本発明は、従来技術による弊害に妨げられることなく、多孔性基板中の自己蛍光または反射率の高さに関する問題を解決するものである。本発明に従えば、マイクロアレイ基板の本質的な自己蛍光のレベルを低減させる試みにおいて、ガラスフリット組成物を変形して反射率を低下させた。迷反射光を吸収および減弱させることを目的として、ガラス組成物中に着色剤イオンを取り入れたが、所望されるような蛍光シグナルの全体的な大幅な低減は生じなかった。コバルトまたはニッケル（II）の酸化物を用い、別々に、または、互いにもしくはその他の遷移金属種と組み合わせて多孔性ガラス組成物に添加することによってほのかな色が得られ、この色が散乱を起こすために反射率およびバックグラウンドシグナルが低下した。
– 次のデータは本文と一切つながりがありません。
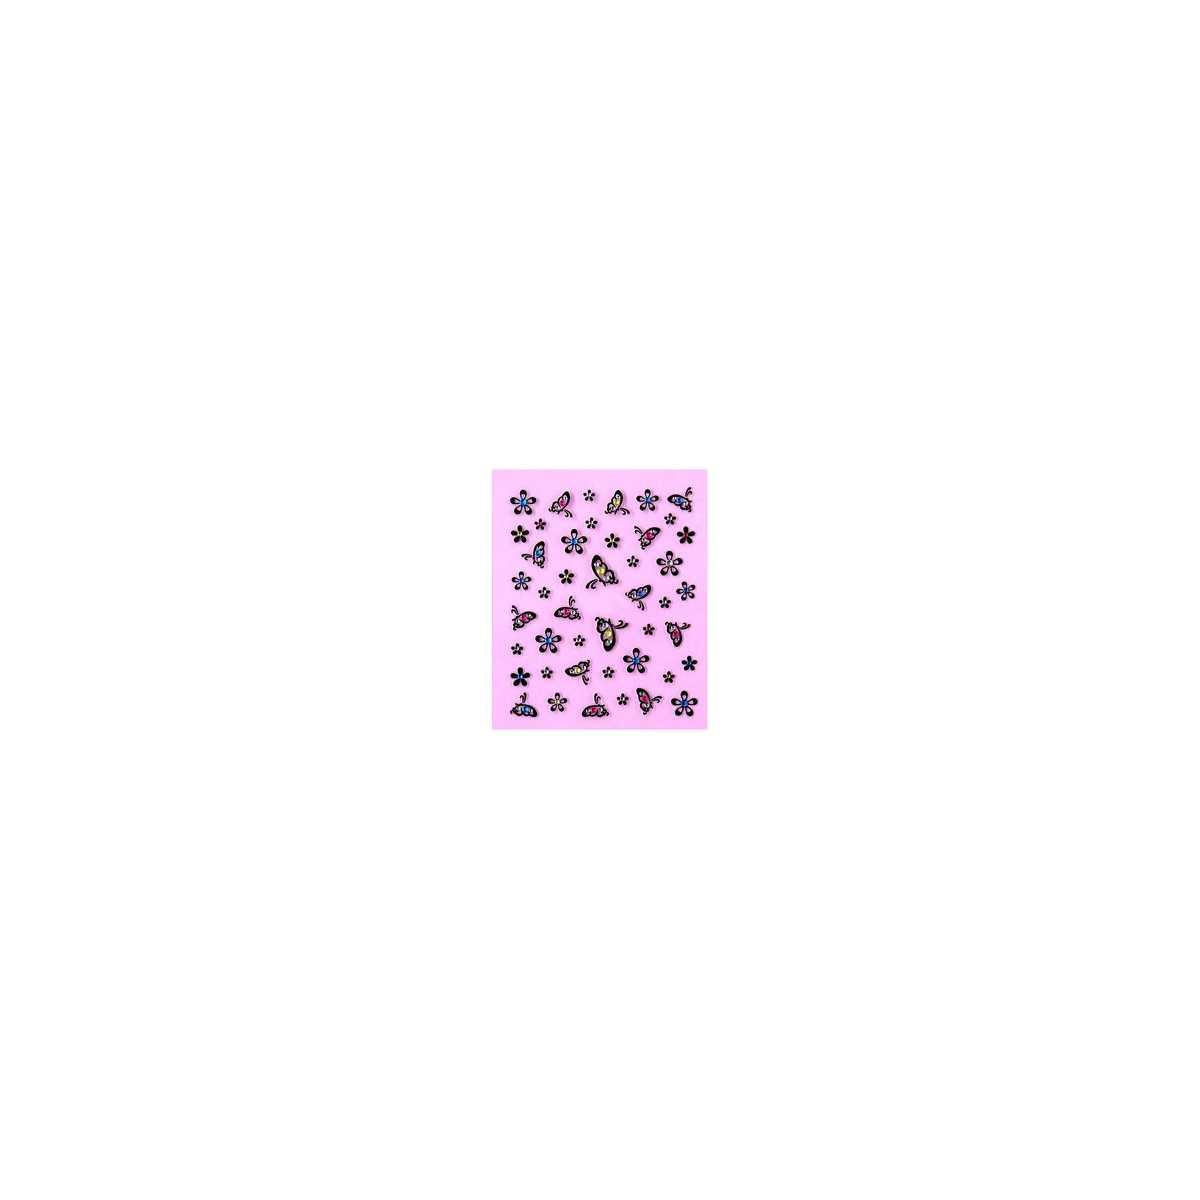 https://www.kit-manucure.com/641-thickbox_default/stickers-nail-art-papillon-et-fleur-avec-strass.jpg

「白色」または色が付いていない多孔性スライドと比較すると、色の付いた多孔性基板におけるCy5およびCy3ラベルに対する真のシグナルは、いずれも少なくとも20〜25％低下していた。Cy5由来のバックグラウンドの低下は、マイクロアレイ分析におけるシグナル−ノイズ比に大きな影響を与える。

本発明は、ひとつの態様において、支持体、および該支持体の表面上の多孔性領域を有する多孔性基板に関する。多孔性領域は、主として無機材料から構成されており、多数のプローブ分子を固定化することができる表面を有する。多孔性領域はほのかに色が付いており、約400もしくは420nm〜約700もしくは720nmの波長範囲においては、非着色多孔性基板表面よりも、相対反射率および自己蛍光レベルが少なくとも約15％もしくは20％、好ましくは約50％低下している。色が付いた多孔性領域は、遷移金属イオンを含む着色構成成分を組成物中に含む。色が付いている多孔性領域の組成物中の基本的な含有重量％は、53〜67％のSiO₂；3〜10％のAl₂O₃；12〜14％のB₂O₃；0〜5％のK₂O；0〜2％のMgO；0.5〜3％のCaO；0〜3％のSrO；2〜7％のBaO；0〜2％のSb₂O₃、ならびに次のもののうちの少なくともひとつ（単独または組み合わせ）0.1〜9％のCo₃O₄；0.1〜10％のNiO；もしくは0〜10％のRxOy、このとき、Rは遷移金属であり、xおよびyはそれぞれ≧0である。遷移金属Rとしては、Fe、VまたはCuなどが挙げられる。より好ましくは、多孔性層は基本的に次のものを含む組成物である：55〜65％のSiO₂；4〜9％のAl₂O₃；14〜21％のB₂O₃；1〜5％のK₂O；0.1〜2％のMgO；1〜2.5％のCaO；0.5〜1.75％のSrO；3〜5％のBaO；0〜2％のSb₂O₃、ならびに次のもののうちの少なくともひとつ（単独または組み合わせ）0.1〜8％のCo₃O₄；0.1〜10％のNiO；0〜10％のRxOy、コバルトとニッケルの両方が存在することが好ましい。ガラス組成物は化学的および機械的に耐久性であり、熱膨張率（CTE）は約35〜44×10^-7／℃、好ましくは38〜40×10^-7／℃であり、典型的な非孔性ガラススライドまたは基板への確実な結合に適している。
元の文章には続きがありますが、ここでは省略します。